C’est pour avoir prêché cet enseignement tellement contraire à la religion juive de son temps, qui était elle-même centrée sur les pratiques rituelles du temple, que Jésus est entré en conflit avec les chefs religieux et que sa fin fut résolue de façon si cruelle. La remarquable synthèse théologique de Jésus et la réforme religieuse et éthique qu’elle engendre aurait pu s’achever sur la montagne du Golgotha. Seulement voilà un certain rebondissement au matin de Pâques, fit que le rabbi de Nazareth ne tomba pas dans l’oubli et que son message se répandit durablement au sein des nations.

III Rien qu’un réformateur et un prophète ?

Jésus ne fut-il donc qu’un réformateur et un prophète ?

Est-ce diminuer Jésus que de dire cela ?

Il est évident que non.

Jésus est unique dans toute l’histoire des idées. En réalisant la puissante synthèse des trois courants que j’ai mentionnés, il a réellement fait aboutir la révélation de Dieu comme Père bienveillant des hommes.

Jésus est unique par la qualité et la hauteur de sa pensée. Nulle pensée religieuse ou philosophique n’a depuis 2000 ans dépassé sa haute conception de Dieu ; conception de laquelle découlent aussi, d’ailleurs, les fondements de notre humanisme moderne.

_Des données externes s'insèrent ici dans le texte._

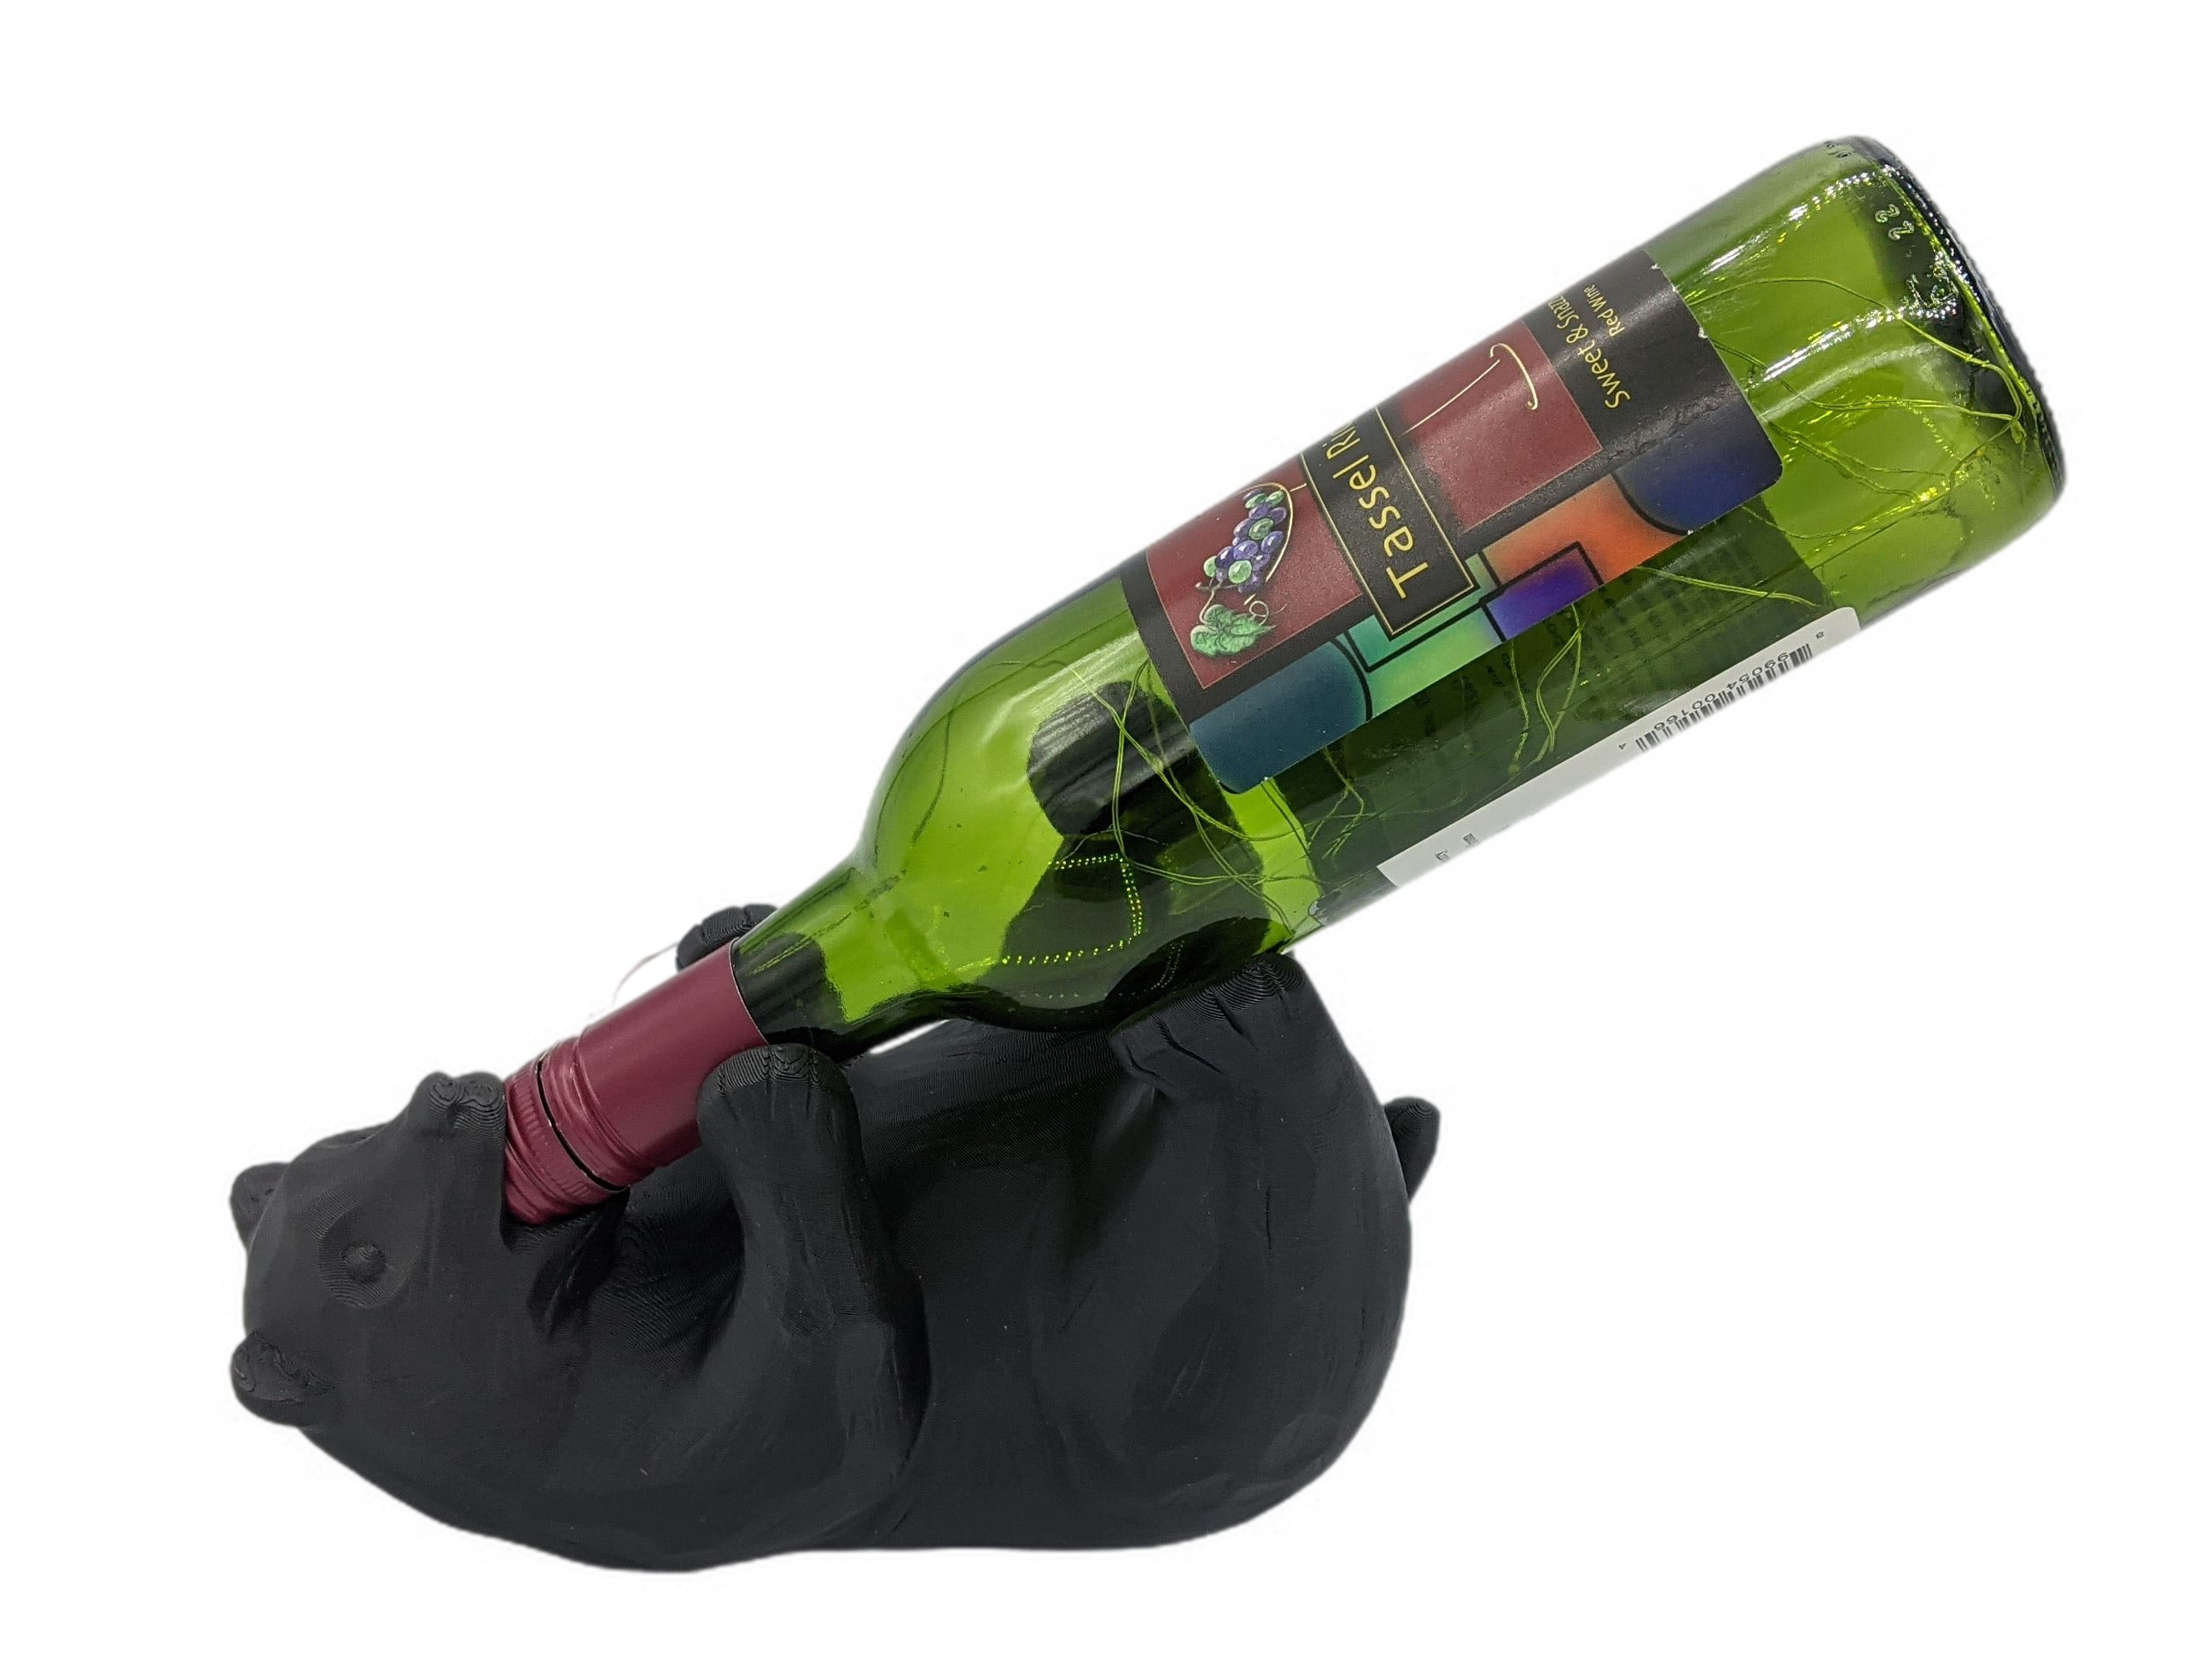 Bear Wine Bottle Holder

Jésus est unique par l’influence qu’il a exercée sur le monde. La terre a donné de grands hommes spirituels. Des fondateurs de religions remarquables par leur authenticité et génie religieux. Jésus se distingue cependant de tous par l’impact intellectuel et éthique de son message sur le monde ; y compris sur le monde moderne occidental qui se dit postchrétien, alors même qu’aucune société n’a auparavant été autant imprégnée par les principes humanistes de l’Evangile.

Jésus est enfin unique par la vénération et le culte que lui ont rendu les chrétiens au cours de l’histoire. L’annonce de son élévation au ciel à la droite de Dieu au matin de Pâque a conduit la troisième génération des chrétiens à le diviniser au point d’en faire l’égal de Dieu. Certes, le tableau qui en a résulté tranche par rapport à la simplicité du rabbi de Nazareth et brouille comme nous l’avons dit le portrait du Jésus historique. Mais une fois démythologisé et remis dans ses différents contextes religieux et politiques, le Christ divinisé dit aussi à sa manière l’impact extraordinaire qu’a eu Jésus et son message sur le monde et dans l’histoire.

Conclusion

En soulignant aujourd’hui la force et l’impact de Jésus et de son message jusqu’à aujourd’hui, nous voyons bien que la modernité théologique ne dévalue en rien la personne et le caractère unique de Jésus pour le monde et surtout pour ses disciples. Si la recherche du Jésus de l’Histoire par l’exégèse aboutit à revisiter notre foi, tout comme l’archéologie et la paléontologie nous ont conduit à rectifier notre vision du passé, les théologiens modernes n’affirment pas moins que de leurs prédécesseurs que Jésus parachève par son message la Révélation monothéiste initiée par les prophètes d’Israël. Il est, pour reprendre le langage symbolique des évangiles, le chemin, la porte, la lumière qui éclaire le monde. La force de son message, sa foi, sa sagesse, la profondeur de ses enseignements, la puissance de sa synthèse théologique… tout fait de lui le chef incontesté de son église. Bien loin de saper la foi en Dieu et en Jésus, la modernité théologique nous conduit à redécouvrir toute la force et tout l’impact de la prédication et de l’enseignement de Jésus qui nous dévoile aujourd’hui encore Notre Père.